#### THE TASK:
Below this sentence is a listing; return exactly its lines from the one with "windows 10 login screen doesnt appear" to the one with "Anna Grosmanová na", both kept, and nothing more.

#### SUPPLIED ENTRIES:
=======
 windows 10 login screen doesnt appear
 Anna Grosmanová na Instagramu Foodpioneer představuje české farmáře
=======
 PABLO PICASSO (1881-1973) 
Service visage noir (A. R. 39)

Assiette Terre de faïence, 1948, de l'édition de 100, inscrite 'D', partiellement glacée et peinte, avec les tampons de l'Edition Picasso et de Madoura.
=======
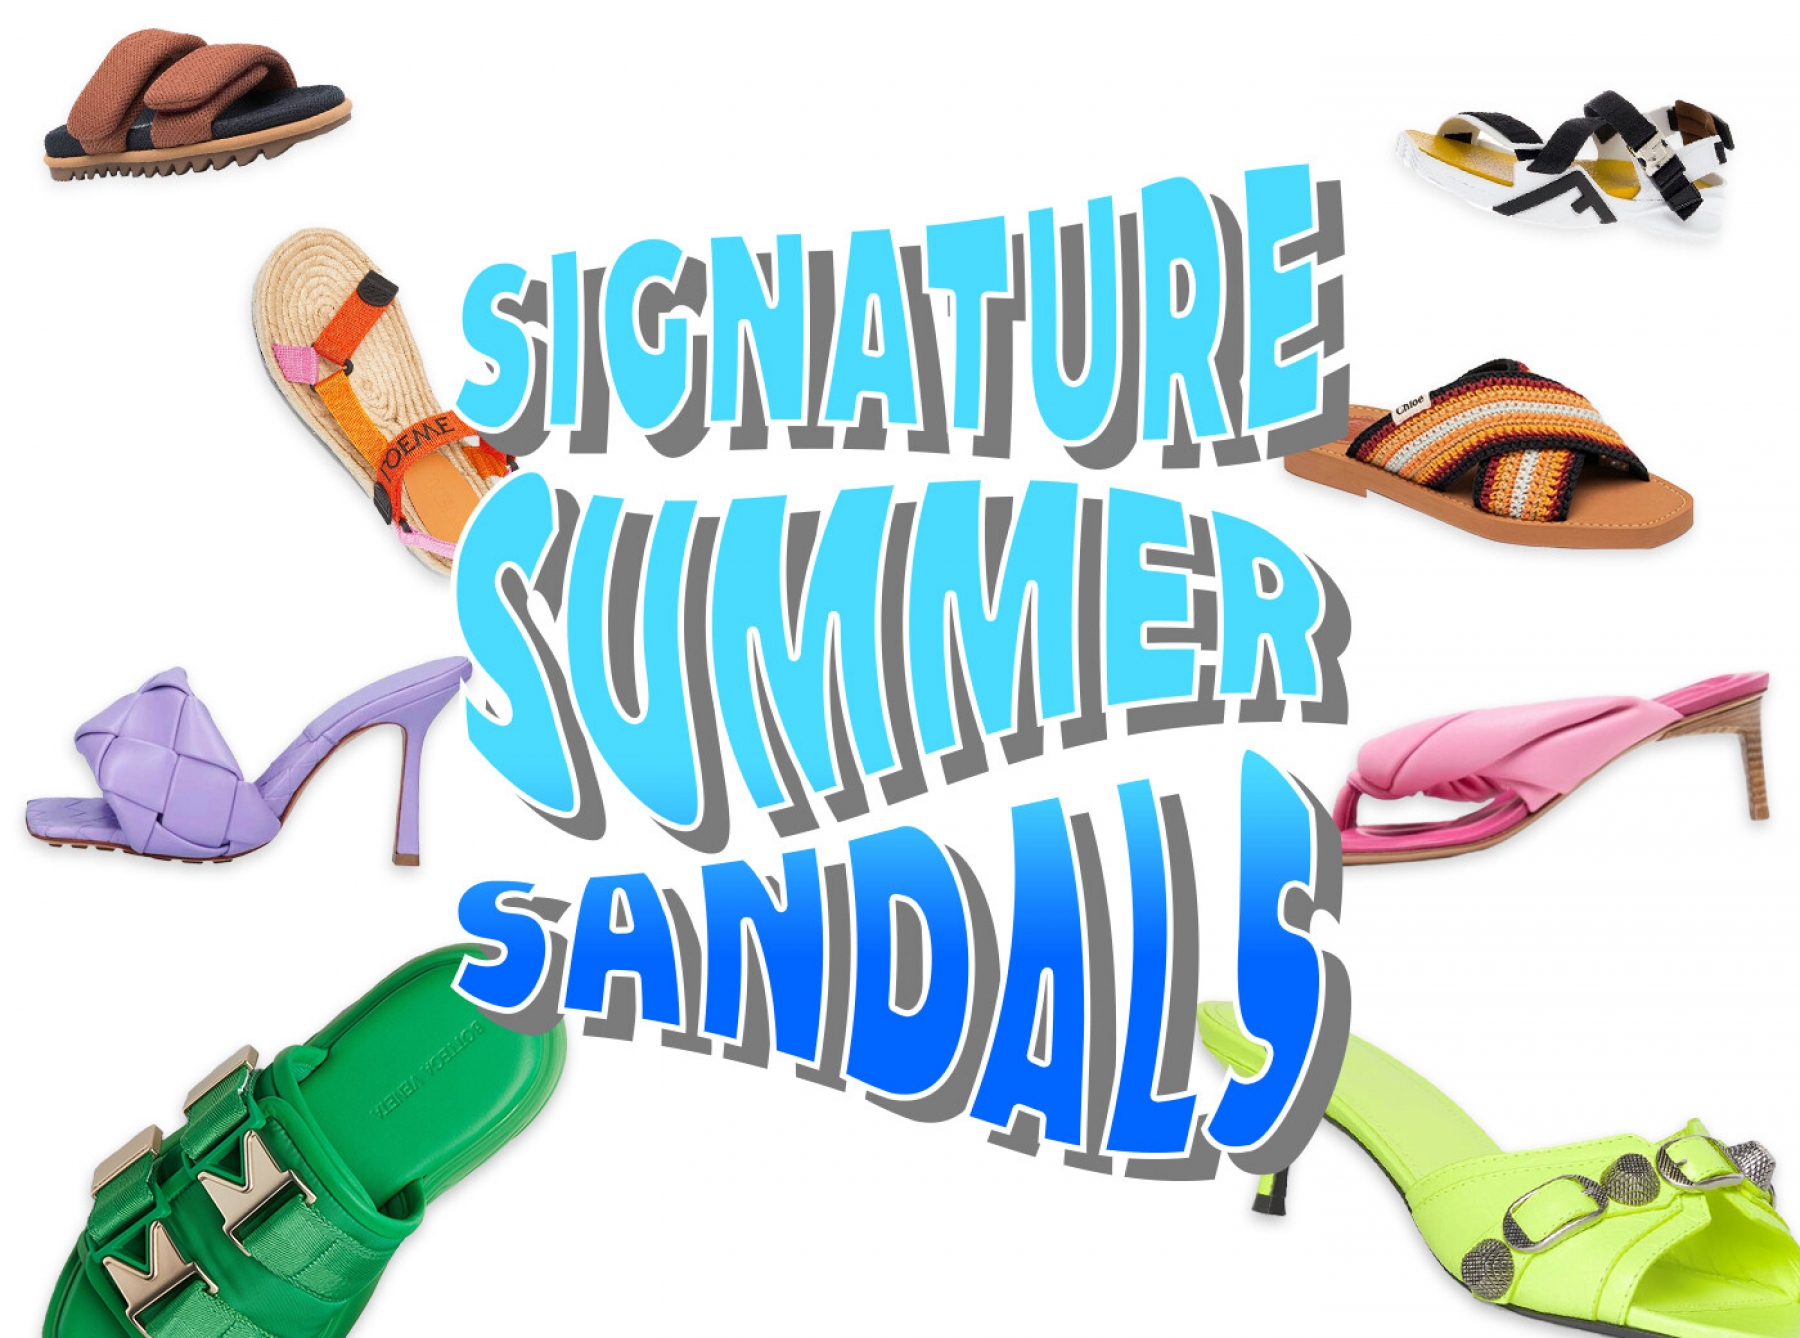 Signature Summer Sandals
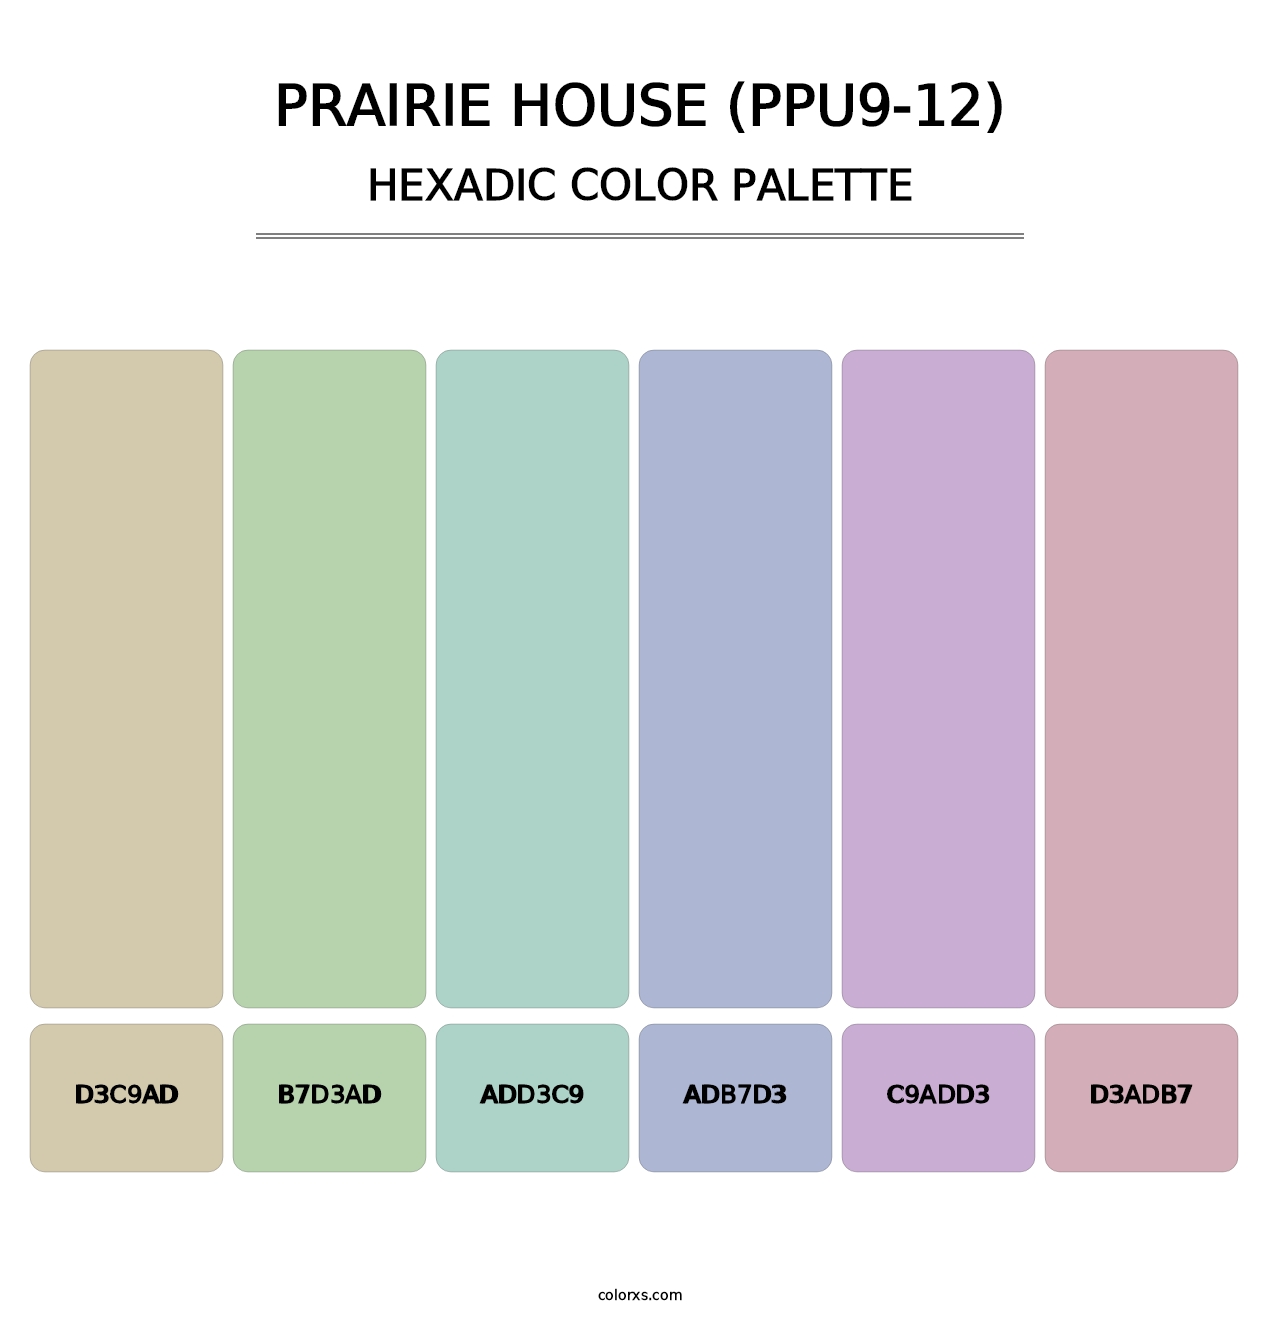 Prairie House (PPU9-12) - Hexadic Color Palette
=======
#### ANSWER BOX:
 windows 10 login screen doesnt appear
 Anna Grosmanová na Instagramu Foodpioneer představuje české farmáře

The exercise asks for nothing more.